_Aim of the exercise_.
Write the listing out again word for word, excluding any pictures.

_Given information_.

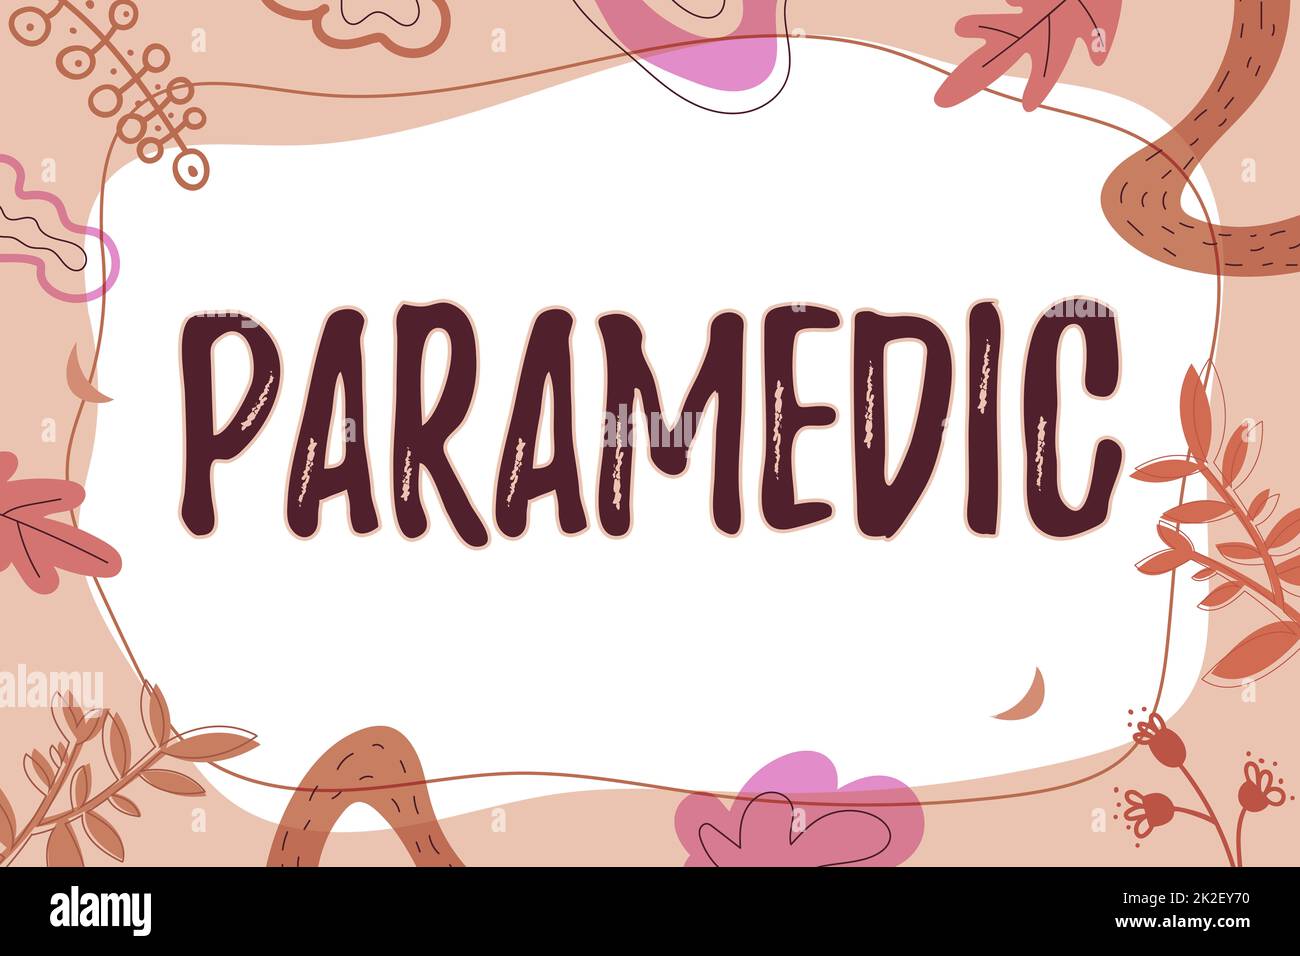 Inspiration montrant le signe Paramedic. Concept d'affaires un travailleur de la santé ayant une expertise en travail médical d'urgence cadre de texte entouré de fleurs assorties coeurs et feuilles. Banque D'Images
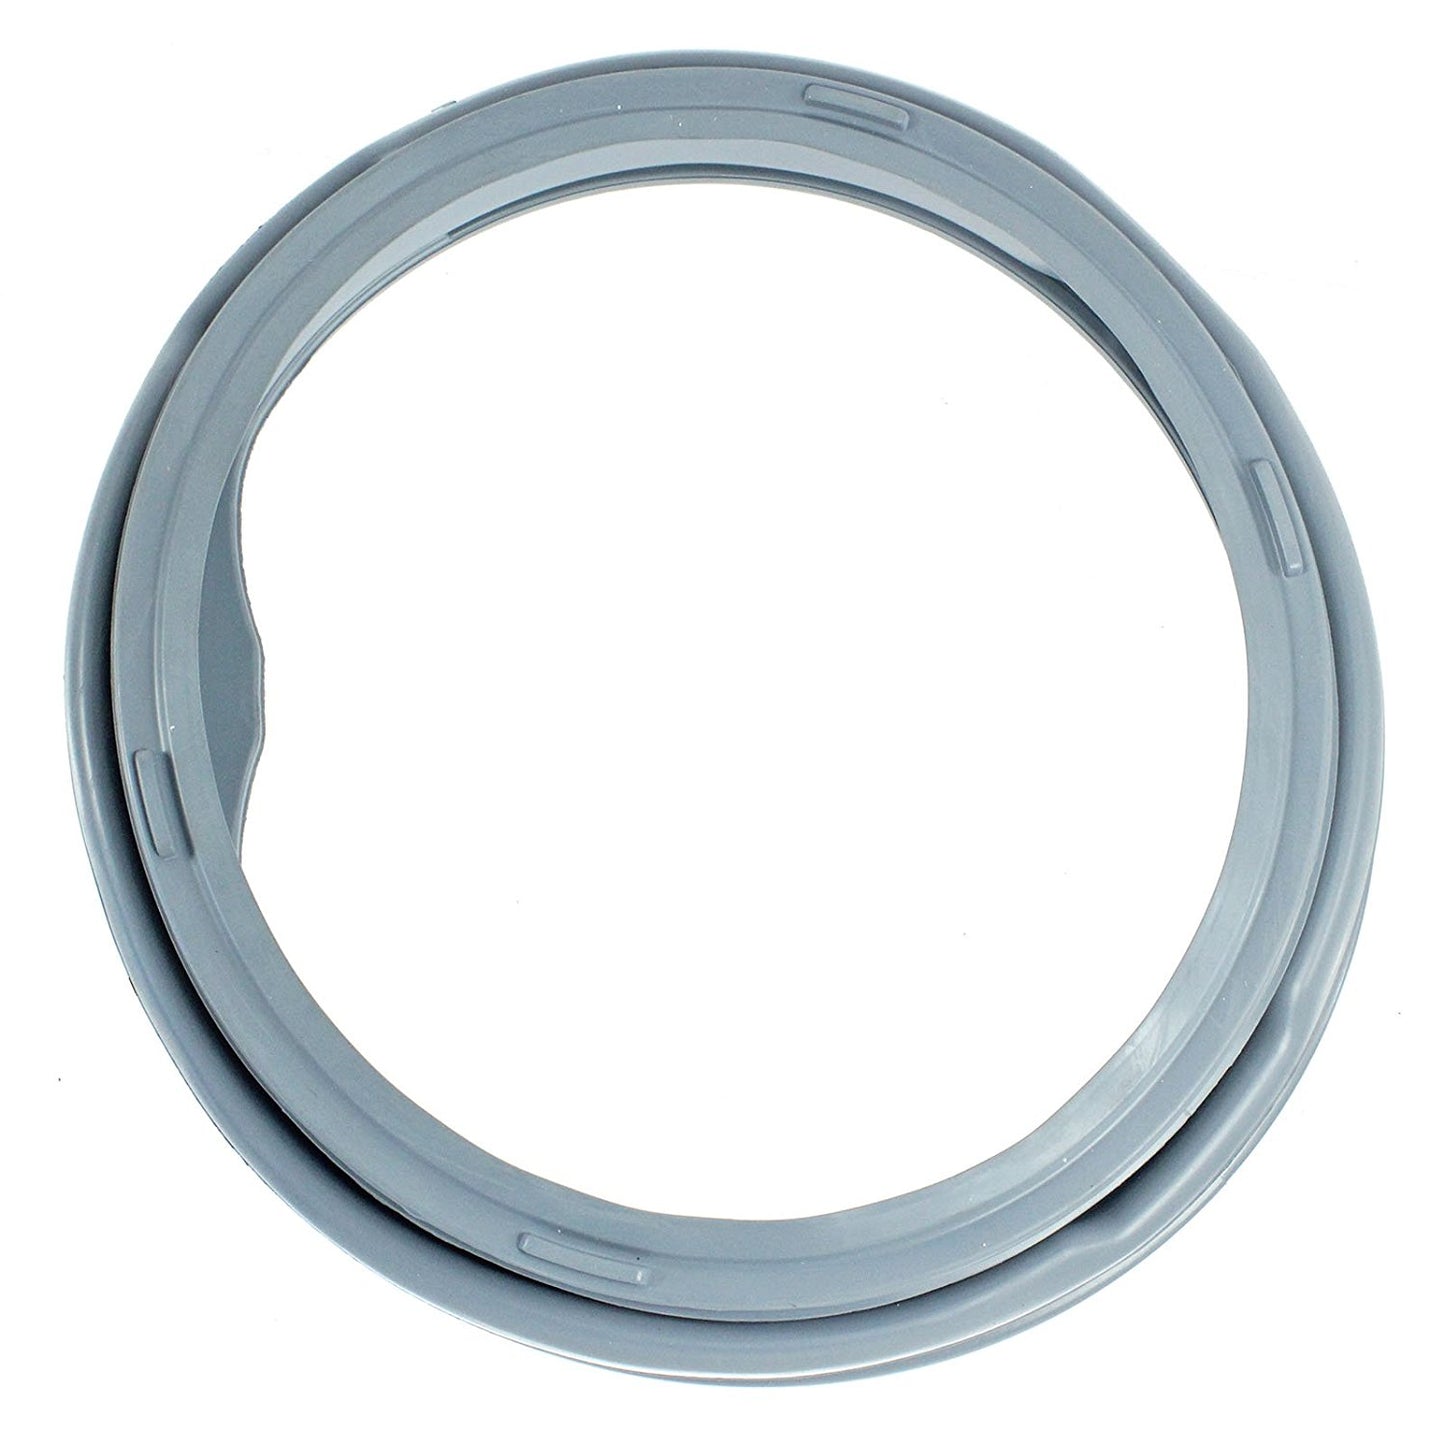 Rubber Window Door Seal Gasket Spare Part for Sharp ESFA7103A1-EN, ESFA7103A1-PL, ESFA7123A1-EN Washing Machine
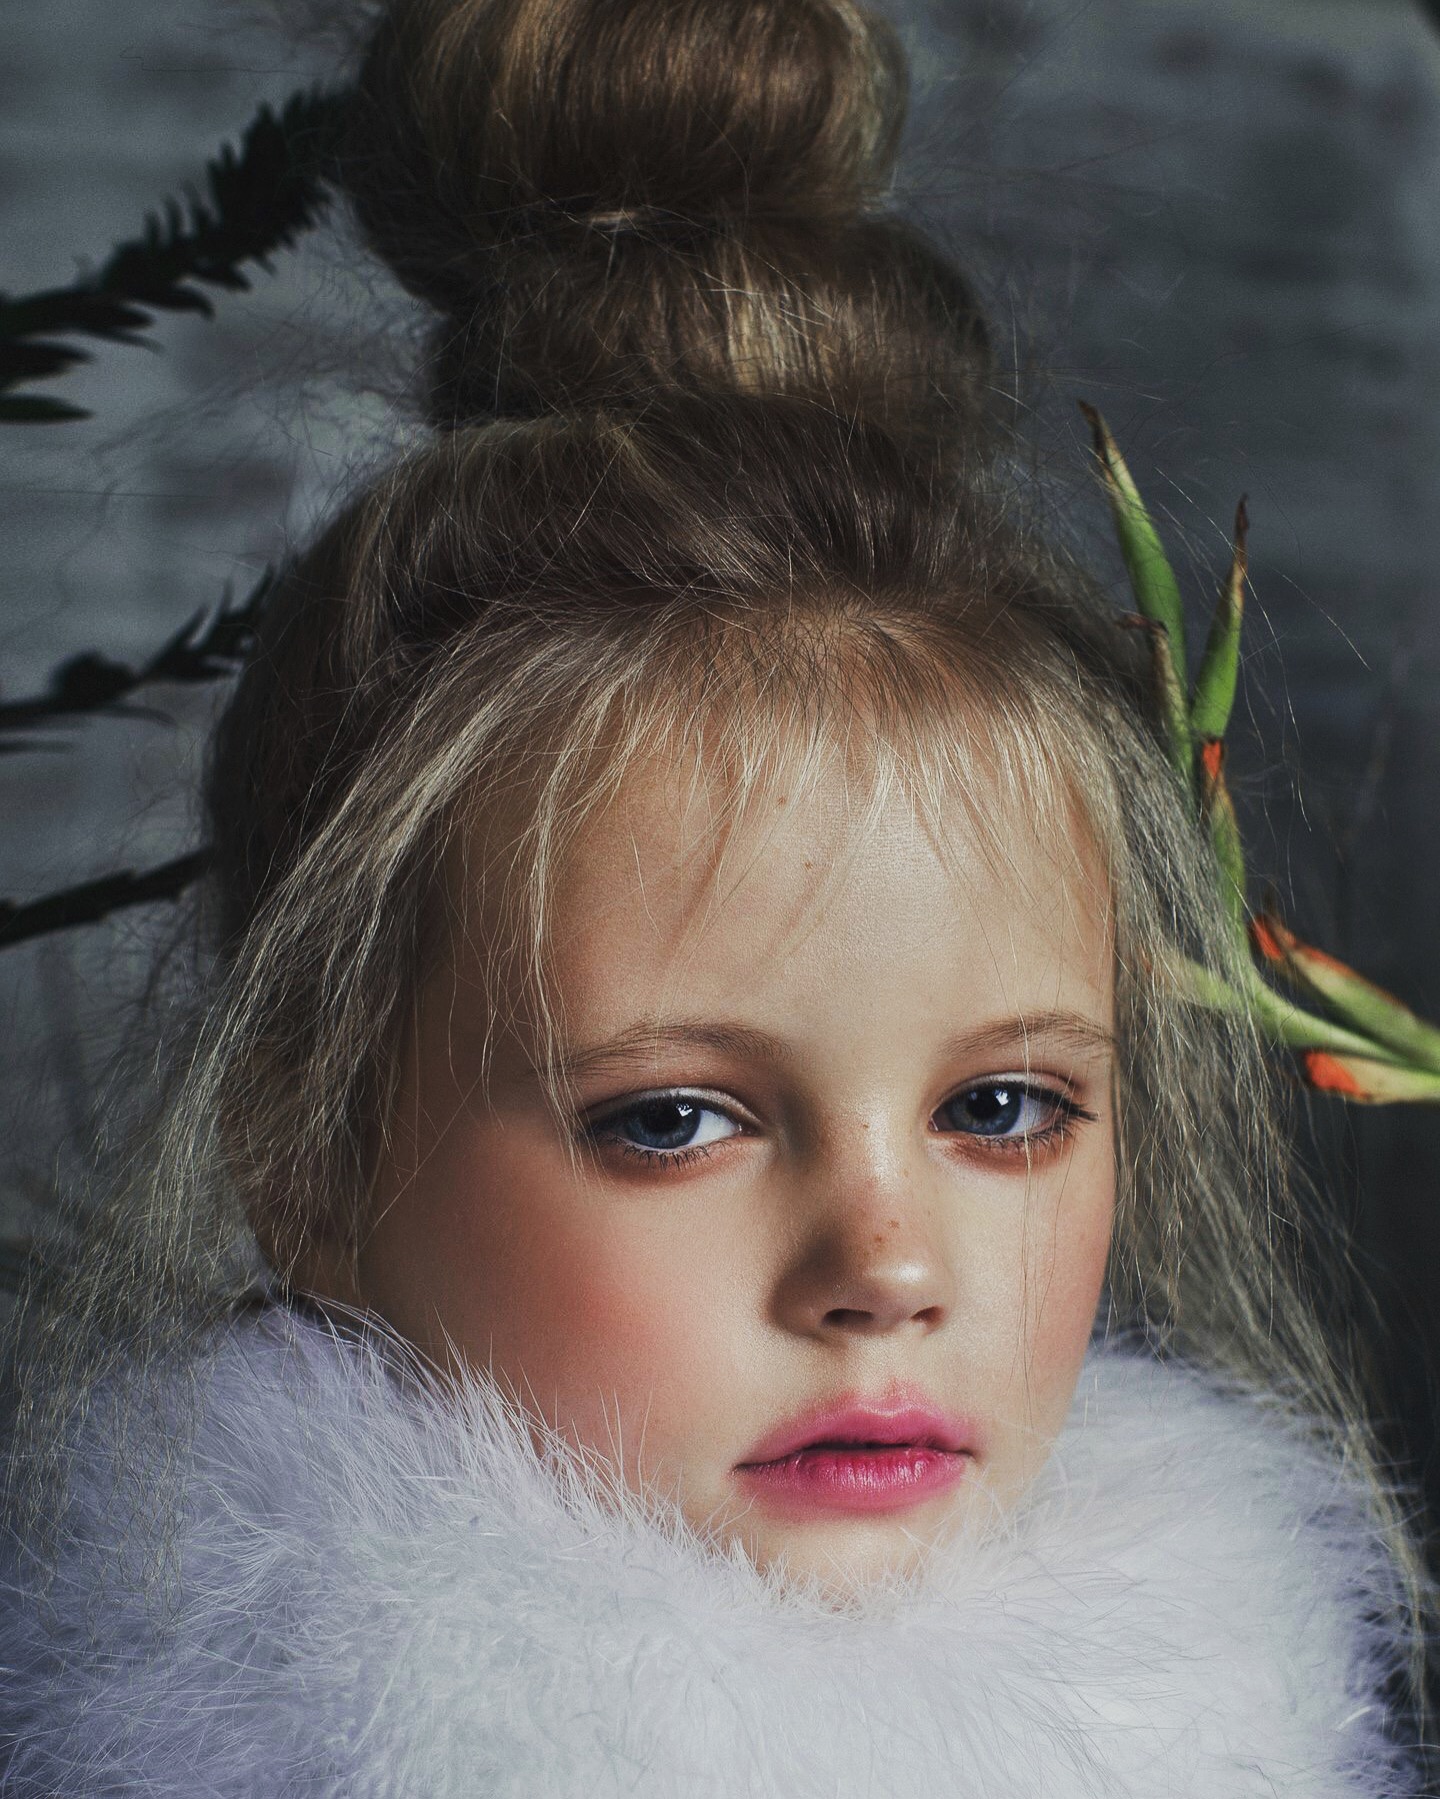 Софья Стрижова - аккредитованная модель для участия в подиумных показах на Междунродной Детской Неделе моды
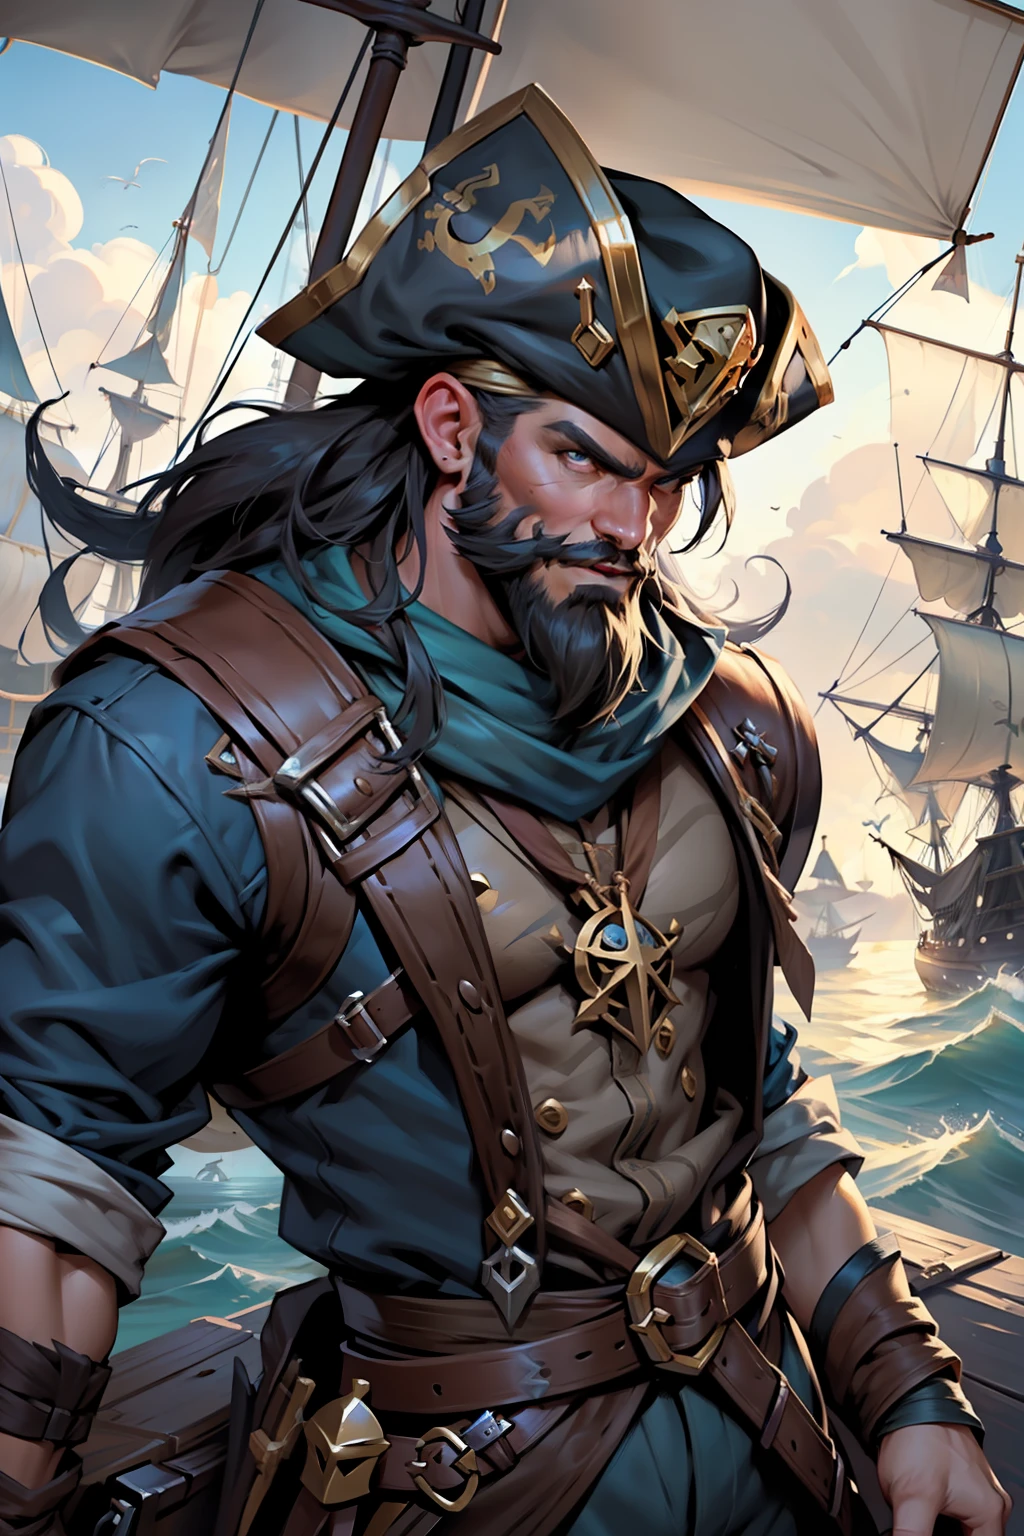 想像《英雄聯盟》遊戲中海盜角色普朗克的詳細插圖. 該圖像描繪了普朗克擺出令人生畏且威嚴的姿勢, 作為可怕的海盜船長，他是. 其外觀遵循遊戲的標誌性風格, 具有角色的特徵元素. 插圖展現了豐富的細節, 從你臉上的皺紋, 表達您的航海經驗, 甚至他戴的海盜配件, 就像船長的帽子一樣, 用鉤子代替一隻手和一條木腿. 你的衣服已經穿了, 揭示你的海上生活. 場景的燈光很戲劇性, 突出陰影並在角色周圍營造神秘的氛圍. 在後台, 有海洋元素, 像海盜船一樣, 波濤洶湧的海浪或遙遠的島嶼, 強化海盜主題. 藝術是按照英雄聯盟的風格完成的, 充滿活力的色彩和引人注目的筆觸. 它抓住了普朗克的殘酷和兇猛的本質, 傳達出他的危險氣息和領導力. 一般來說, 該圖像是對角色的令人印象深刻且鼓舞人心的表現, 準備好讓《英雄聯盟》粉絲沉浸在普朗克的海盜世界中

_Task output_.
 Inspiration montrant le signe Paramedic. Concept d'affaires un travailleur de la santé ayant une expertise en travail médical d'urgence cadre de texte entouré de fleurs assorties coeurs et feuilles. Banque D'Images
 Rubber Window Door Seal Gasket Spare Part for Sharp ESFA7103A1-EN, ESFA7103A1-PL, ESFA7123A1-EN Washing Machine
 Софья Стрижова - аккредитованная модель для участия в подиумных показах на Междунродной Детской Неделе моды
 想像《英雄聯盟》遊戲中海盜角色普朗克的詳細插圖. 該圖像描繪了普朗克擺出令人生畏且威嚴的姿勢, 作為可怕的海盜船長，他是. 其外觀遵循遊戲的標誌性風格, 具有角色的特徵元素. 插圖展現了豐富的細節, 從你臉上的皺紋, 表達您的航海經驗, 甚至他戴的海盜配件, 就像船長的帽子一樣, 用鉤子代替一隻手和一條木腿. 你的衣服已經穿了, 揭示你的海上生活. 場景的燈光很戲劇性, 突出陰影並在角色周圍營造神秘的氛圍. 在後台, 有海洋元素, 像海盜船一樣, 波濤洶湧的海浪或遙遠的島嶼, 強化海盜主題. 藝術是按照英雄聯盟的風格完成的, 充滿活力的色彩和引人注目的筆觸. 它抓住了普朗克的殘酷和兇猛的本質, 傳達出他的危險氣息和領導力. 一般來說, 該圖像是對角色的令人印象深刻且鼓舞人心的表現, 準備好讓《英雄聯盟》粉絲沉浸在普朗克的海盜世界中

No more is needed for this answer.